Urschel Nodal Domains via Perturbation Theory

TL;DR

This paper establishes new Courant nodal domain theorems for generalized Laplacians on graphs using perturbation theory and an invariant called the Urschel number, providing refined bounds and classifications of eigenvector zeroes.

Contribution

It introduces refined invariants based on Urschel's number, classifies zeroes of eigenvectors, and extends nodal domain theorems for graphs with multiplicities.

Findings

Existence of orthogonal eigenvectors with bounds on Urschel numbers

Classification of zeroes as shallow or deep for simple eigenvalues

Bound on maximum nodal domains when no deep vertices are present

Abstract

We prove several types of Courant nodal domain theorems for generalized Laplacians on graphs, based on an invariant introduced by Urschel, which we call the "Urschel number", denoted ${\rm UN}({\bf f})$, of an eigenvector ${\bf f}$. We refine Urschel's invariant, and use perturbation techniques to obtain some new results.

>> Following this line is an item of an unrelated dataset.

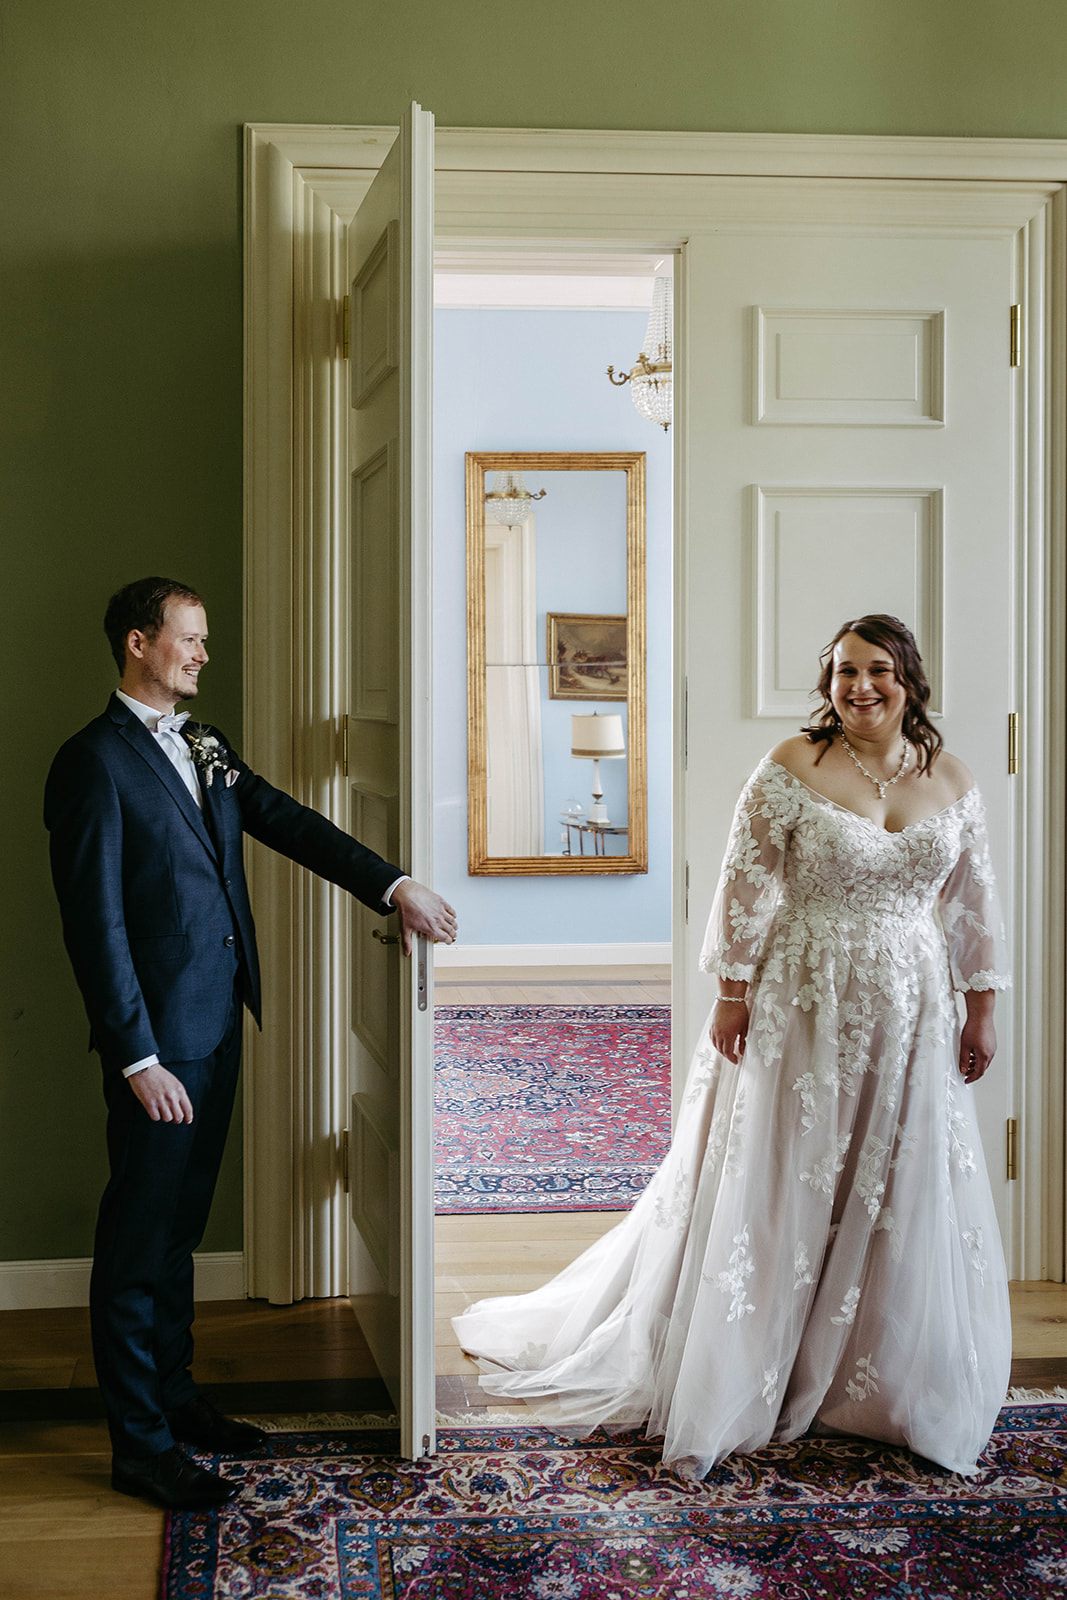 Herzerwärmender Augenblick: Die Braut steht hinter der geöffneten Tür, während der Bräutigam sie zum 1. Mal sehen wird.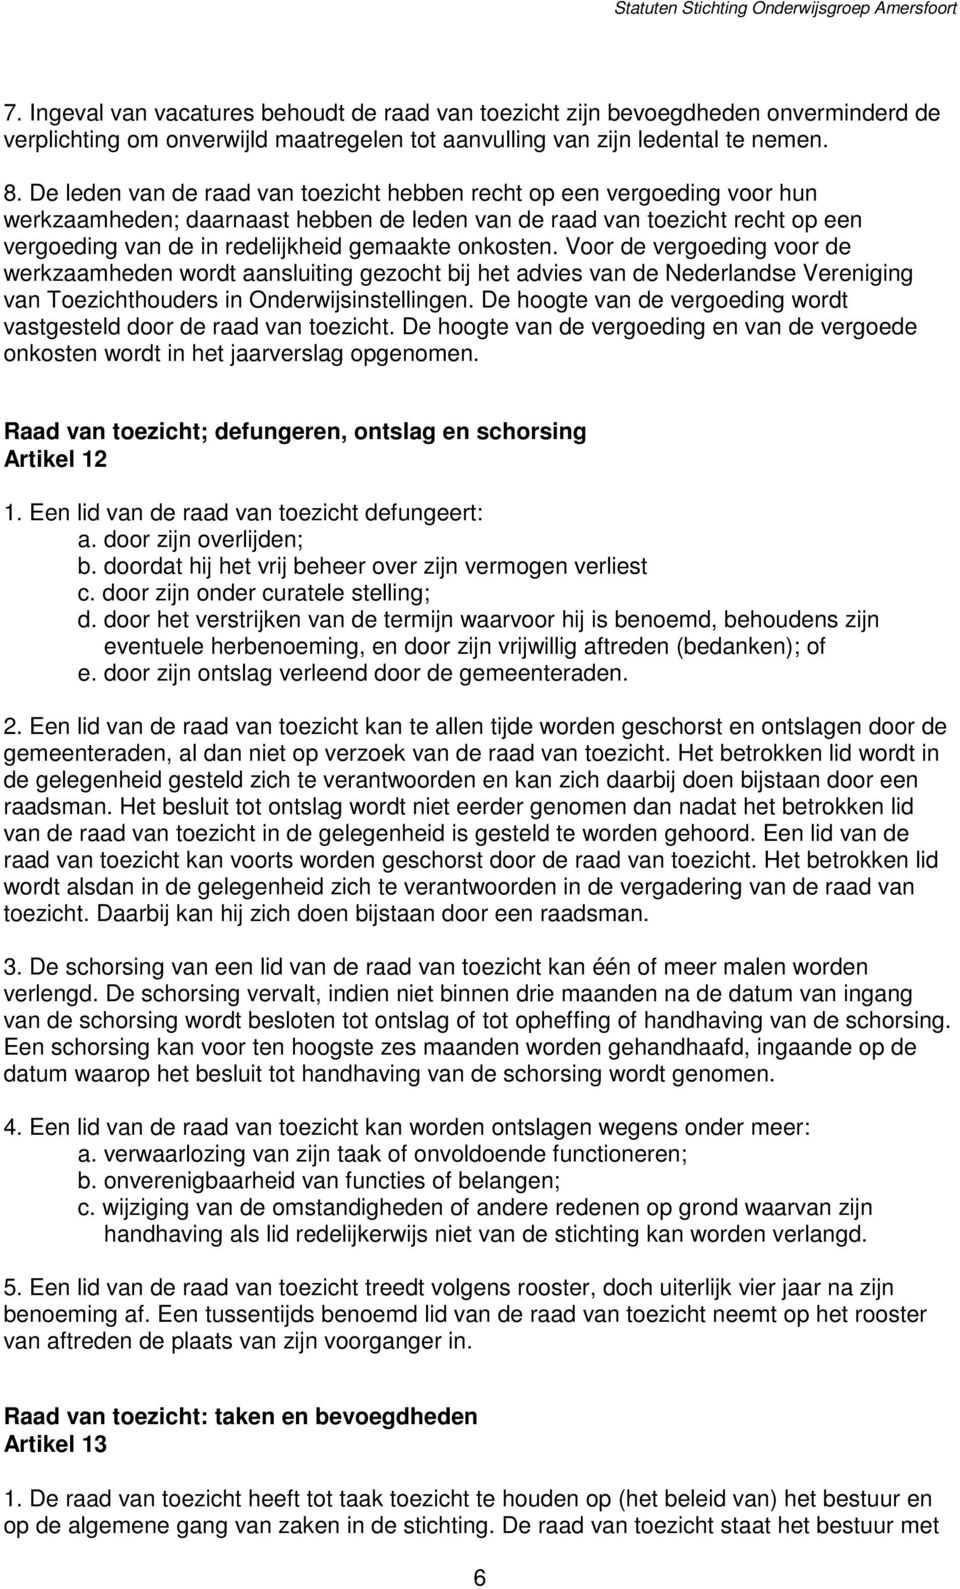 onkosten. Voor de vergoeding voor de werkzaamheden wordt aansluiting gezocht bij het advies van de Nederlandse Vereniging van Toezichthouders in Onderwijsinstellingen.

First, we show the existence of mutually orthogonal eigenvectors, such that if the $k$-th eigenvalue has multiplicity $m$, then for $0\le j\le m-1$, ${\rm UN}({\bf f}_{k+j})\le k+\min(j,(m-1)-j)$. Second, for a simple $k$-th eigenvalue, we classify the zeroes of ${\bf f}_k$ as either "shallow or "deep"; we obtain a number of results that say, roughly speaking, the more shallow vertices ${\bf f}_k$ has, the more control we have over our new invariants based on Urschel's. Our new invariants of an eigenvector, ${\bf f}_k$, are a sequence of integers whose minimum value is ${\rm UN}({\bf f}_k)$ and whose maximum, denoted ${\rm UN}_{\max{}}({\bf f}_k)$, is the maximum number of nodal domains of any possible positive/negative signing or "charge" of the zeroes of ${\bf f}_k$. An example of our second type of result is that if ${\bf f}_k$ has no deep vertices, then ${\rm UN}_{\max{}}({\bf f}_k)\le k$. We provide a number of examples to illustrate our main results, and how they differ from the situation in analysis. We also describe a minor improvement of the Gladwell-Zhu theorem for an orthonormal eigenbasis in the presence of eigenvalues of sufficient multiplicity.